## [Work required]
Only the lines from the one containing "10 Latest Cool" through the end of the listing are to be repeated, exactly and without pictures.

## [Information shown]

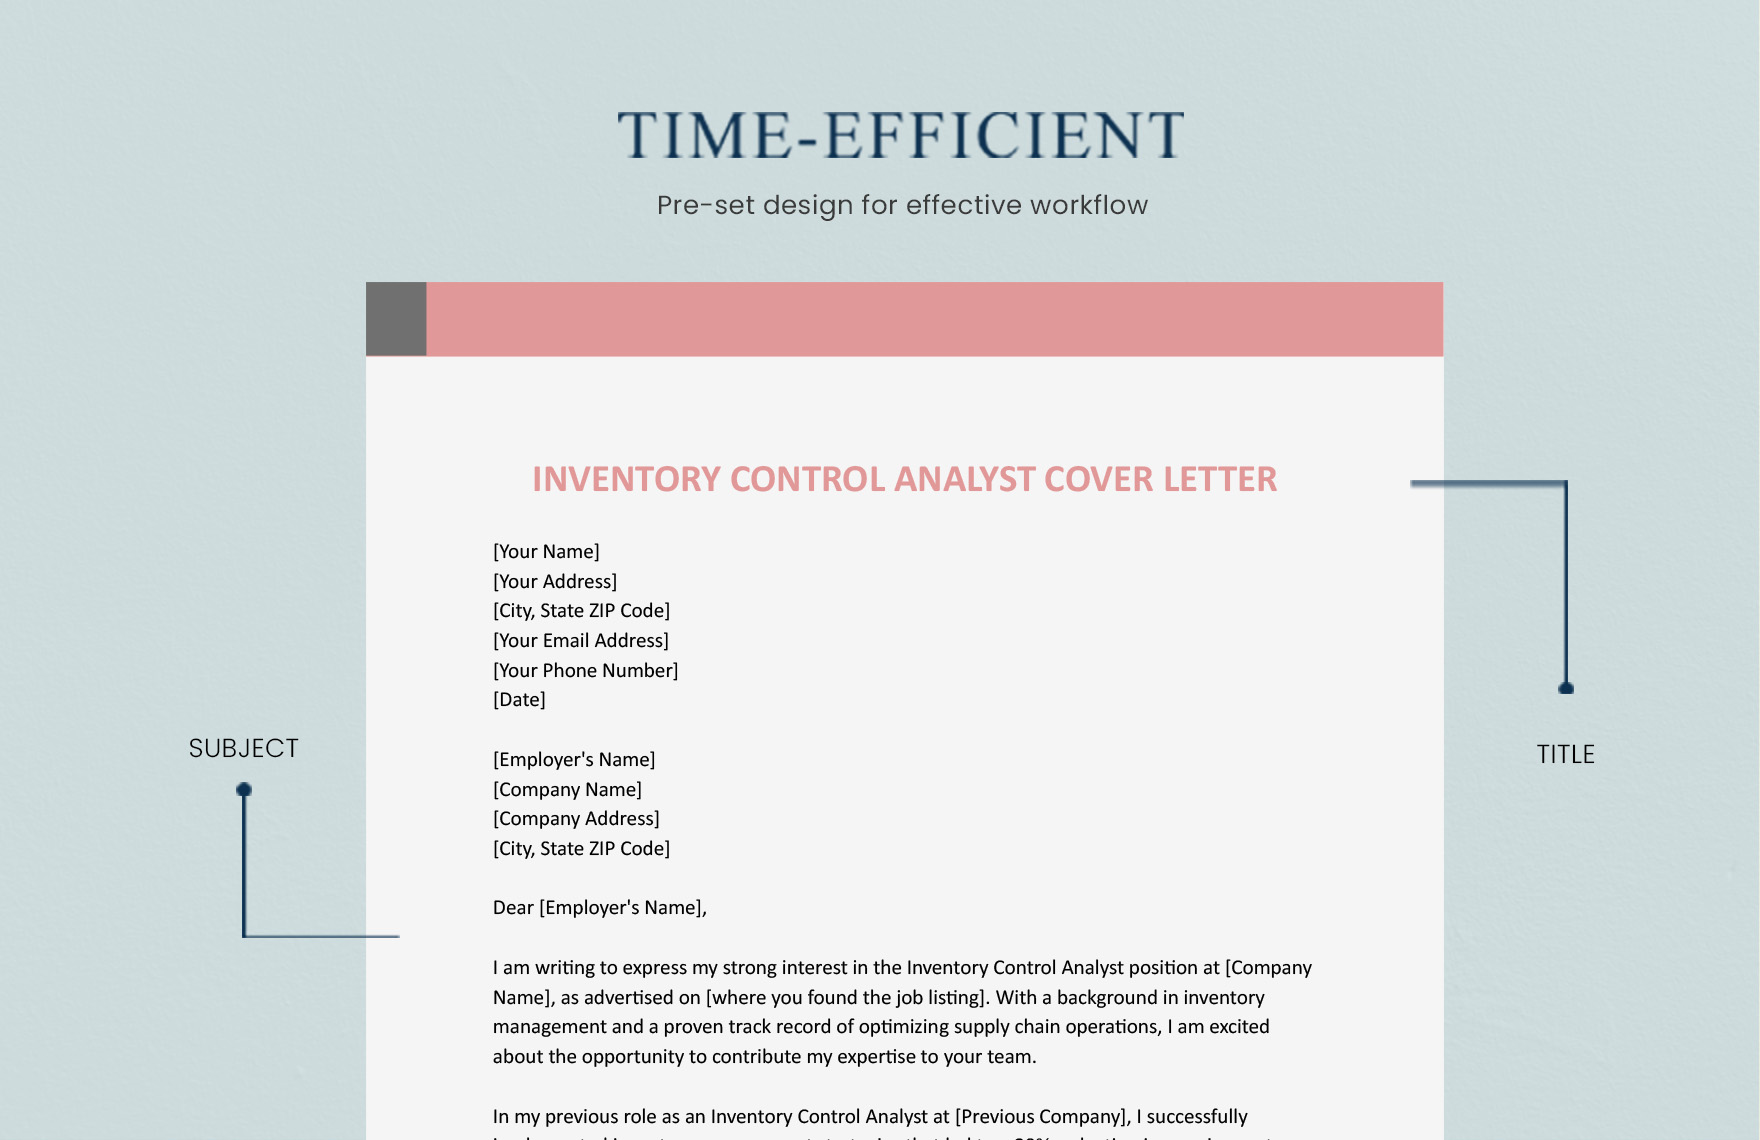 Inventory Control Analyst Cover Letter
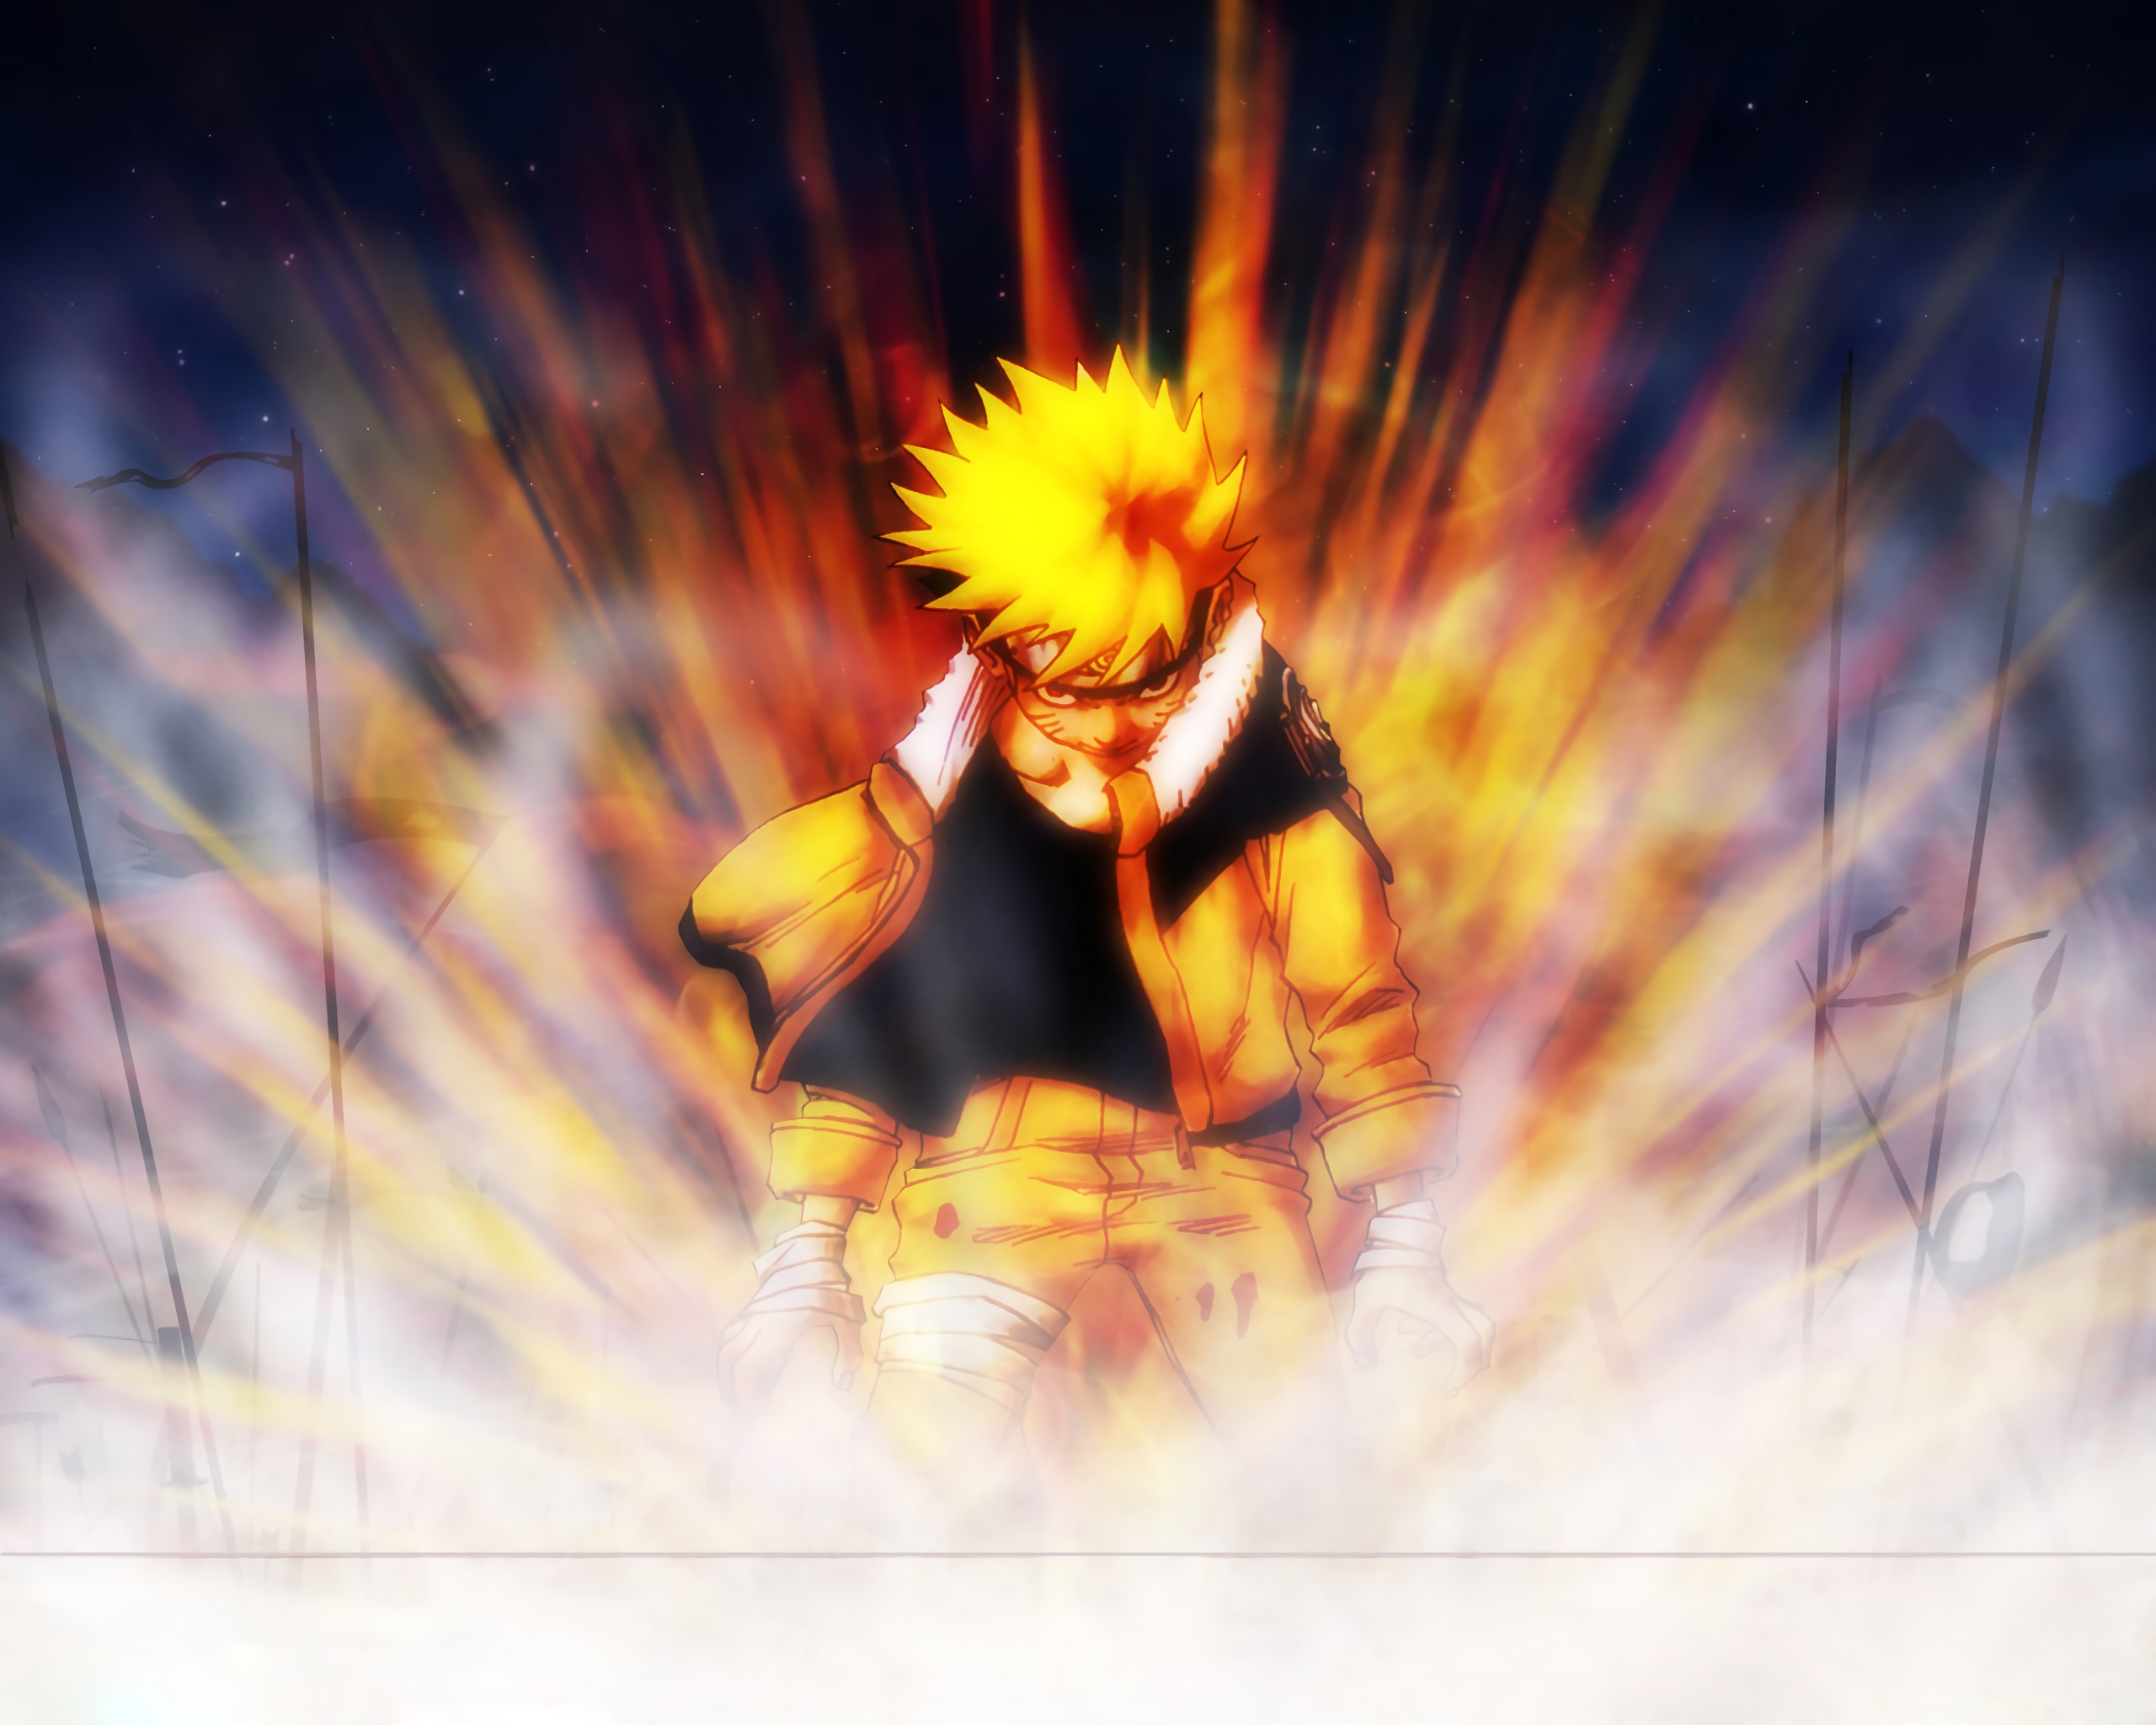 10 Latest Cool Naruto Shippuden Wallpapers FULL HD 1920×1080 For PC
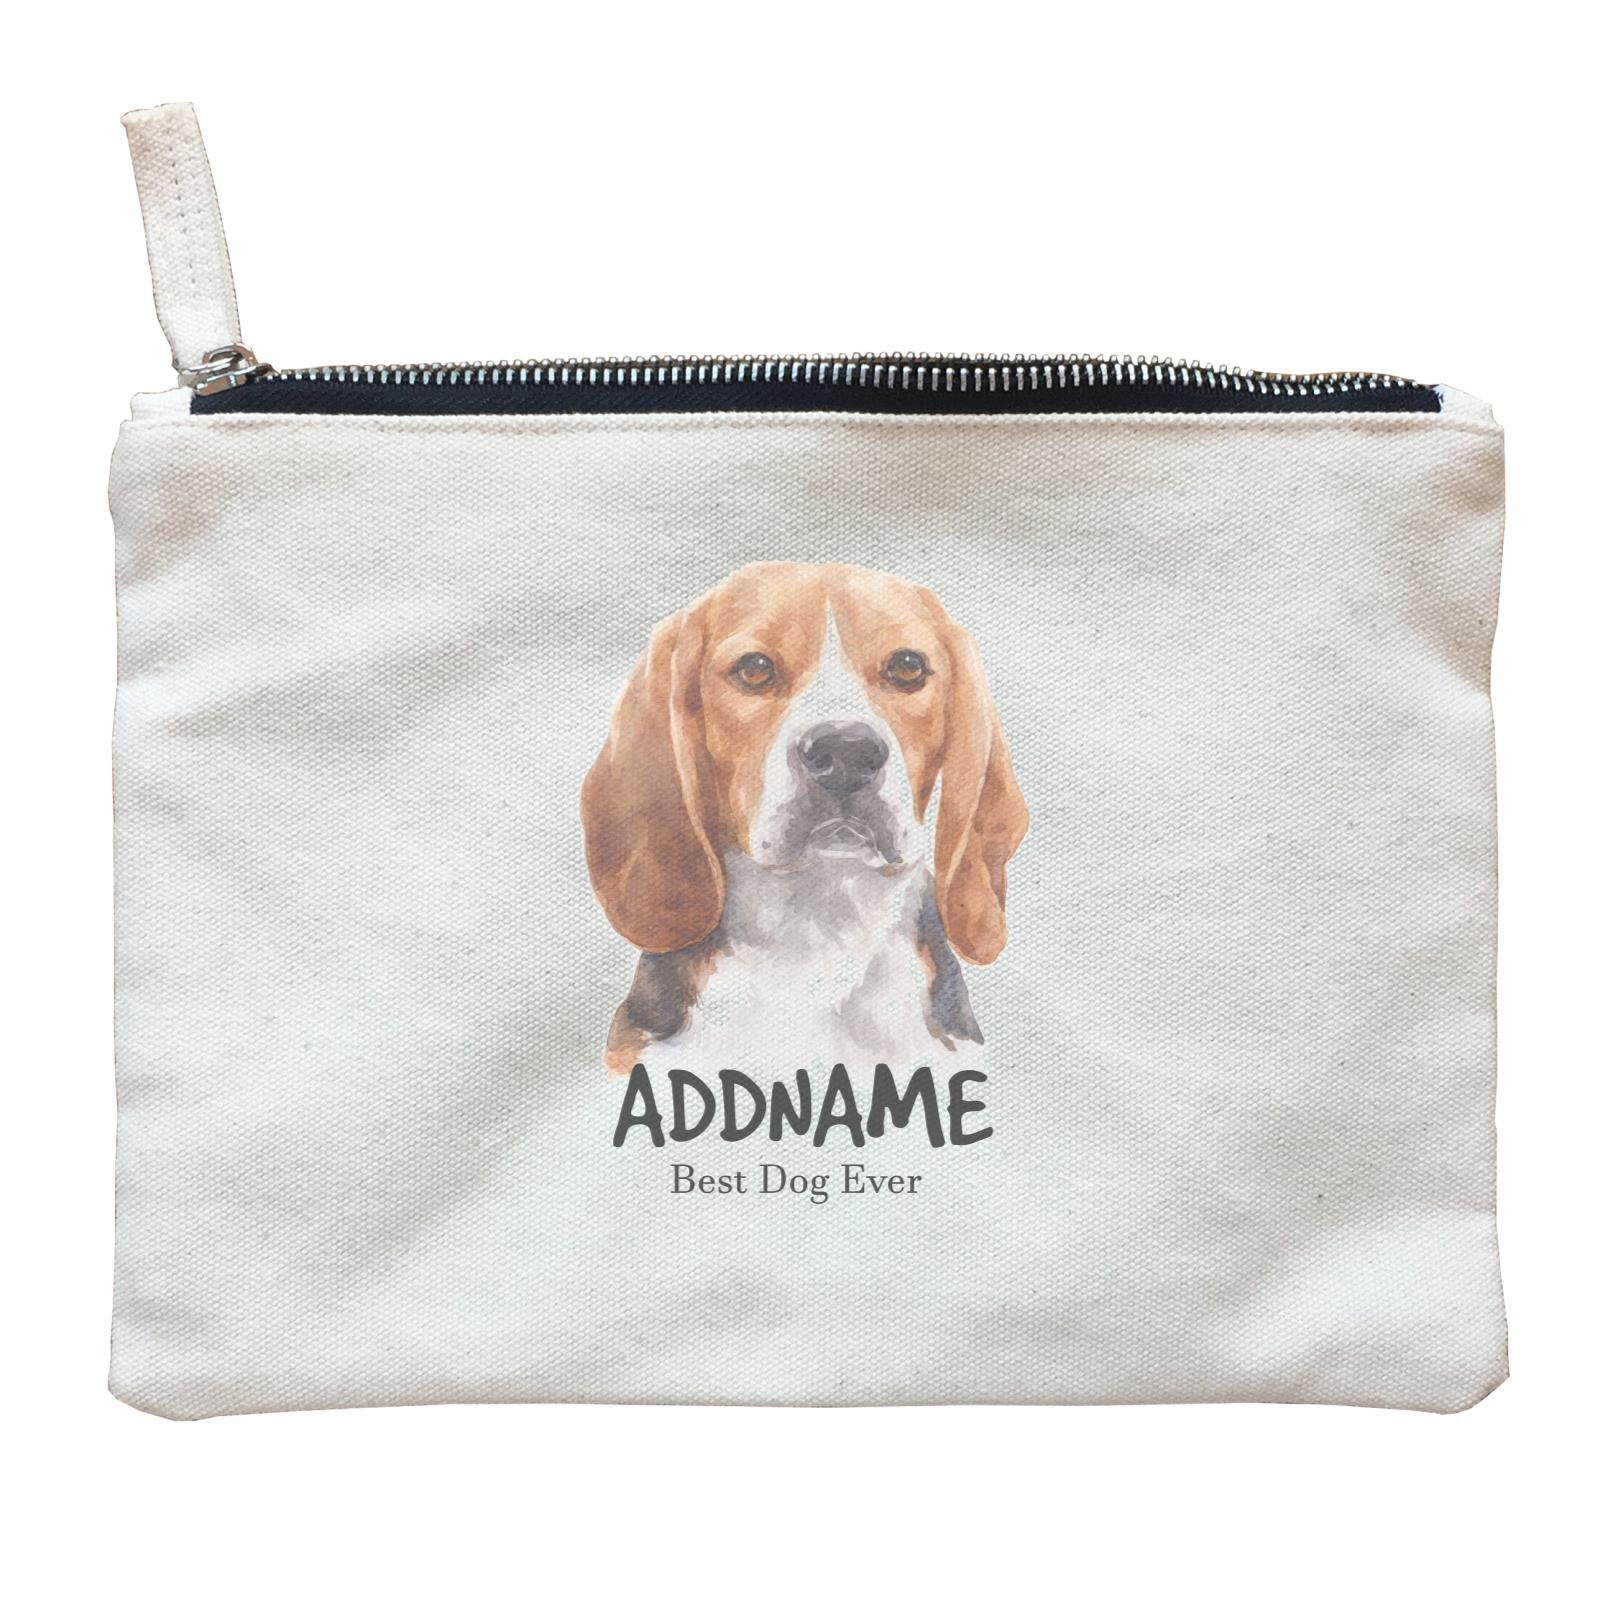 Watercolor Dog Beagle Frown Best Dog Ever Addname Zipper Pouch

## [Answer for this exercise]
 10 Latest Cool Naruto Shippuden Wallpapers FULL HD 1920×1080 For PC
 Watercolor Dog Beagle Frown Best Dog Ever Addname Zipper Pouch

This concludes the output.